[Date Prev][Date Next][Thread Prev][Thread Next][Date Index][Thread Index]
Re: webarchive saved web pages
From: |
Fred Kiefer |
Subject: |
Re: webarchive saved web pages |
Date: |
Sat, 22 Nov 2014 23:53:33 +0100 |
User-agent: |
Mozilla/5.0 (X11; Linux x86_64; rv:31.0) Gecko/20100101 Thunderbird/31.2.0 |
I have this small tool that I have been using for ages to convert
property lists into different formats to analyse them in detail.
I never thought it would be useful for anybody else, but feel free to
try it on your webarchives.
You will end up with another property list, that is just as readable by
GNUstep as was the original one. But it might be easier for you to read
the content. You will see just as Ivan described that there is one
WebMainResource plus a list of WebSubresources all consisting of the
same structure. And under the key WebResourceData of each you will find
the file content. I did not look at how these files are encoded, from
the original file I would expect them to be another binary property
list. Maybe these are in NSFileWrapper serialized format, a format the
GNustep is still missing.
Fred
Am 17.11.2014 um 16:23 schrieb Ivan Vučica:
> It's a binary plist. I'm unaware of a plist editor or converter
> targeting GNUstep as such, but I think GNUstep does support bplists.
> Hence, you should be able to write a converter/extractor yourself.
>
> However, I'm looking at a arbitrary .webarchive I found online. I'm only
> guessing the structure and contents from viewing this file using 'less'.
> So -- and I'm only guessing -- it seems to me that files don't have a
> "local" name or ID, and aren't referenced using one.

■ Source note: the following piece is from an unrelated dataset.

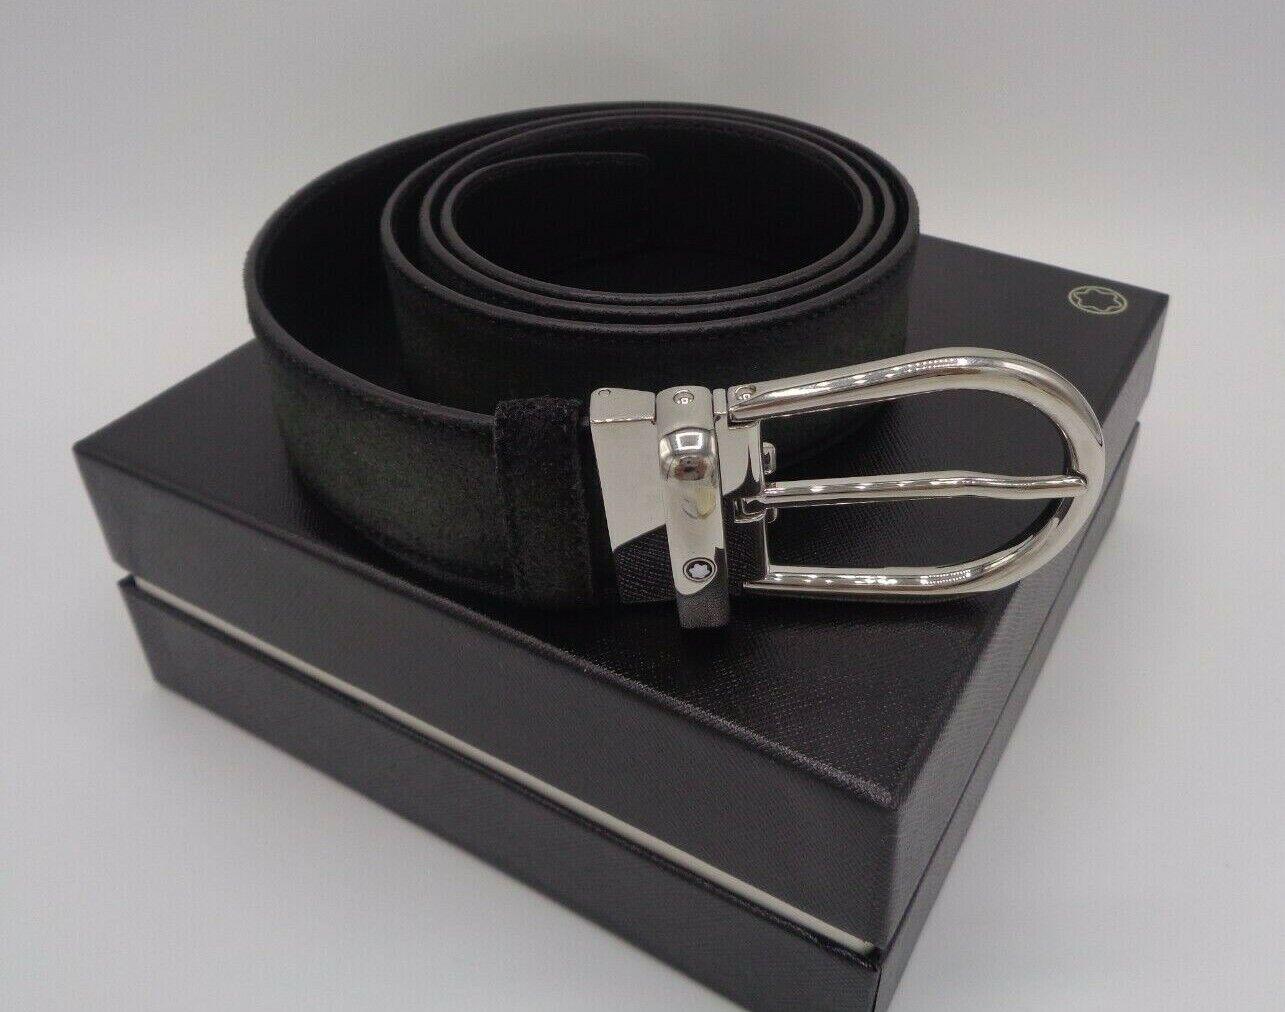 Mont Blanc Herren Gürtel grau/schwarz Länge 110, Breite 35mm,Schnalle silber OVP

That is, HTML
> doesn't seem to be rewritten to use a local file. I would suspect that
> Safari intercepts resource loads and serves content stored in
> NSDictionary, which (if I'm guessing right) is ingenious.
>
> It does mean a trivially 'unpacked' file will not find its local copy of
> resources.
>
> Perhaps the right way to do this is to take a web browser apart and hack
> it to access appropriate files in the .webarchive when a resource load
> is requested. Or even to build a GNUstep browser. If you're enthusiastic
> enough, Chromium Embedded Framework sounds like a neat way to build a
> GNUstep browser.
> https://code.google.com/p/chromiumembedded/
>
> On Mon, Nov 17, 2014 at 2:58 PM, Gerold Rupprecht <geroldr@bluewin.ch
> <mailto:geroldr@bluewin.ch>> wrote:
>
> Hi,
>
> Has anyone been able to unarchive a "webarchive" formatted file?
>
> Apparently it is made with a Safari browser. Are there any other options
> to installing Safari and wine to a GNU/linux machine?
>
> Any other advise?
>
> Thanks,
>
> Gerold
plconv.m
Description: Text Data